###Requirements
- Java Runtime Environment (JRE) 1.7.x or higher
#####Text processing tools:
- Stanford CoreNLP 3.7.x or higher -- a suite of core NLP tools. The .jar file should be included in the classpath.
#####Other libraries:
- JSON-java - JSON for Java
- Apache Commons CLI - an API for parsing command line options passed to programs.
###Preprocessing
! The input file (per property/relation) must be in the comma-separated values (CSV) format: WikidataID,tripleCount
(per line) !
usage: Preprocessing
-i,--input <arg> Input file (.csv) path
-p,--relname <arg> Property/relation name
-l,--links Add Wikipedia title page for WikiURL,
input file will be replaced with new file with:
`WikidataID,WikipediaTitle,tripleCount` (per line)
-w,--wikiurl <arg> Wikipedia English URL of Wikidata entity
-n,--randomize <arg> Generate n random instances for testing,
saved in [input file]_random[n].csv
-s,--sentences Extract Wikipedia sentences (containing numbers)

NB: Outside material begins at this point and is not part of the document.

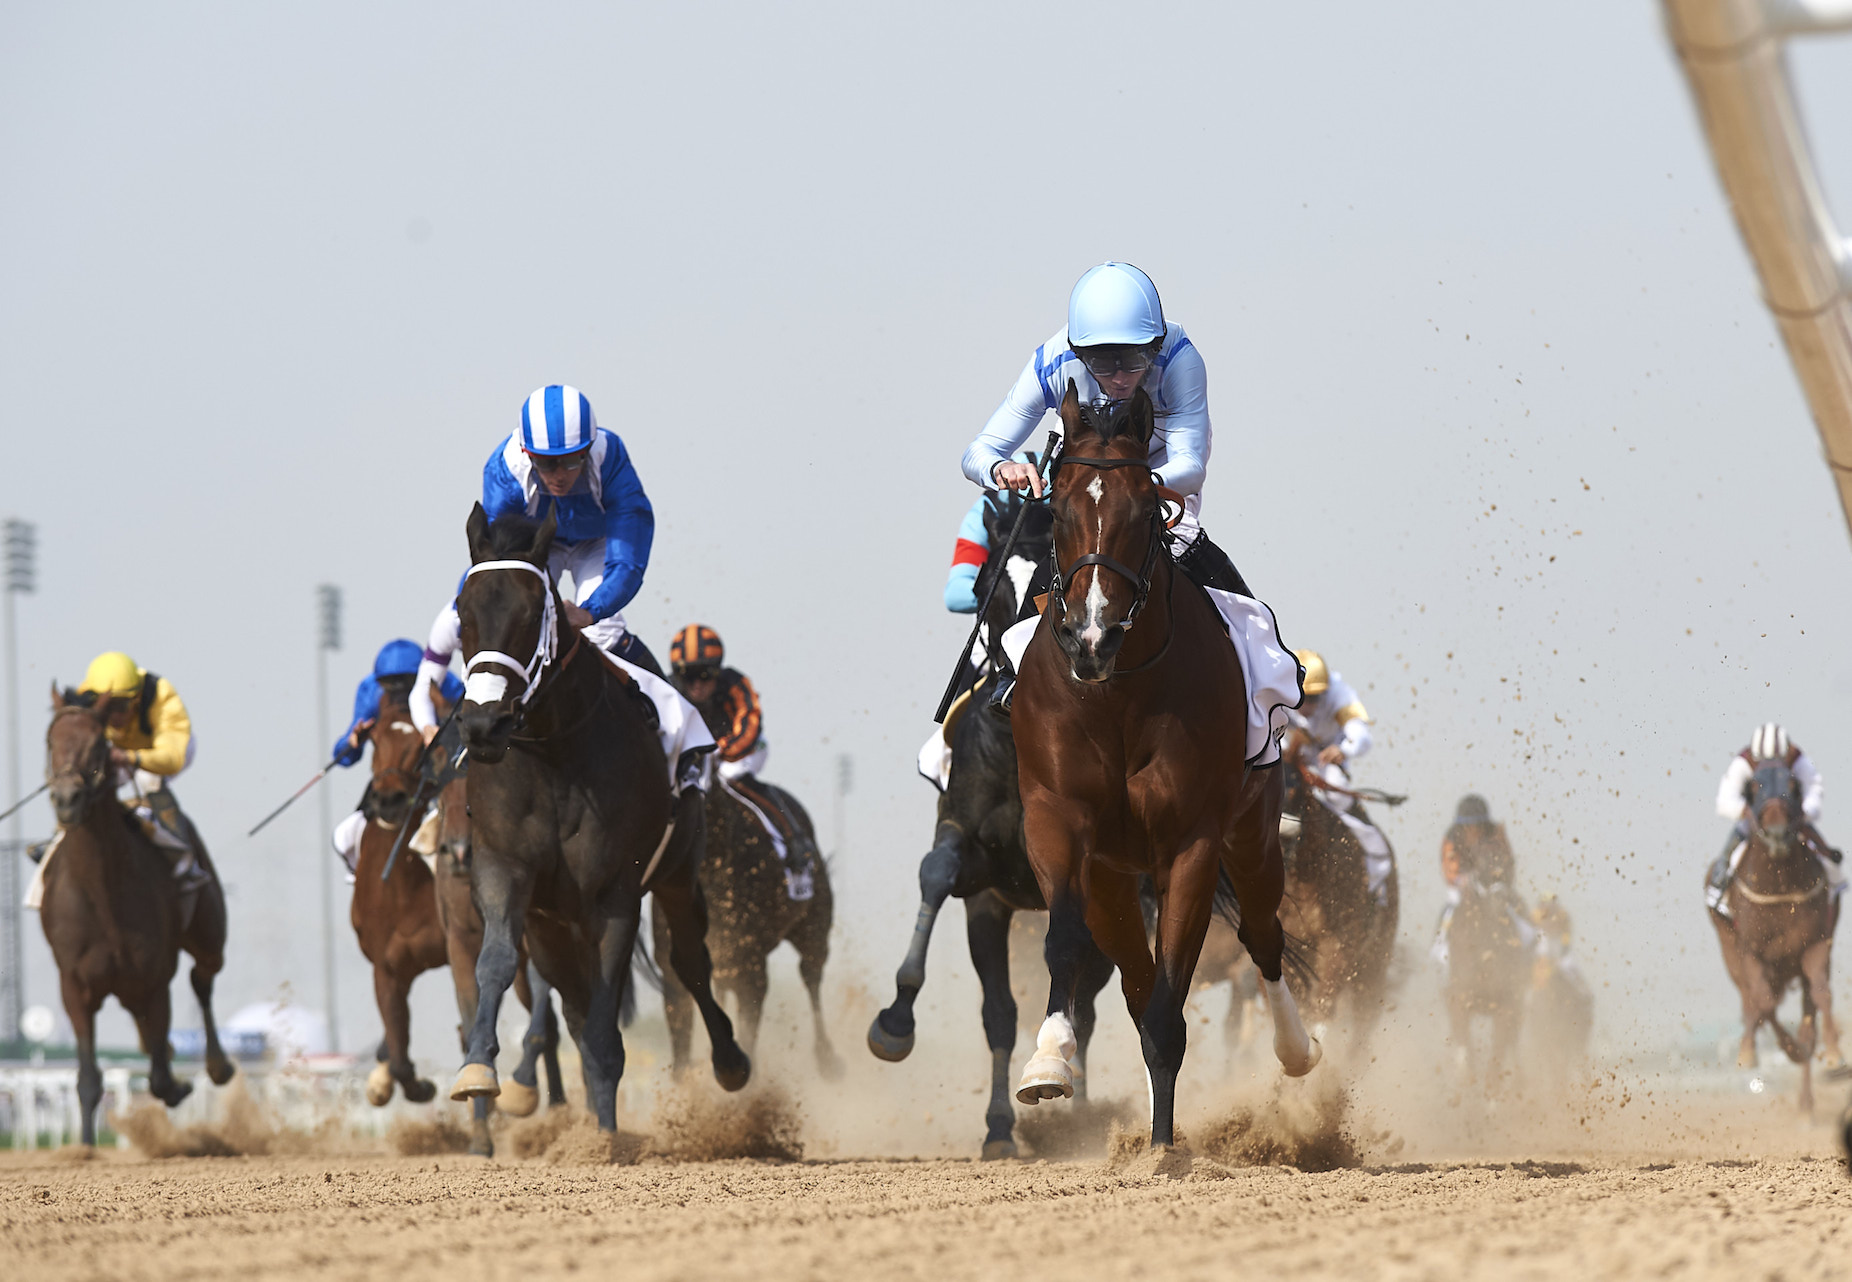 Ryan Moore (pale blue cap) took Heavy Metal into the lead soon after the gate opened in the Godolphin Mile, stuck to the inside and never looked like being beaten. Photo: Dubai Racing Club/Andrew Watkins

per WikidataID entity, saved in [input file].jsonl.gz
-f,--features Generate feature file (in column format) for CRF++
-r,--random <arg> Input random file (.csv) path for testing
-o,--output <arg> Output directory of feature files (in column
format) for CRF++
The output will be two files as input for CRF++:
[relname]_train_cardinality.data
[relname]_test_cardinality.data
Example:
Preprocessing -i data/example/wikidata_sample.csv (2 columns) -p sample -l -n 10 -w data/english_links.txt.gz
will generate data/example/wikidata_sample.csv
(3 columns) and data/example/wikidata_sample_random10.csv
.
! The data/english_links.txt.gz
contains mapping from Wikidata ID to English Wikipedia URL (shortened, only title) taken from RDF dump of all site link information ver. 20160801 !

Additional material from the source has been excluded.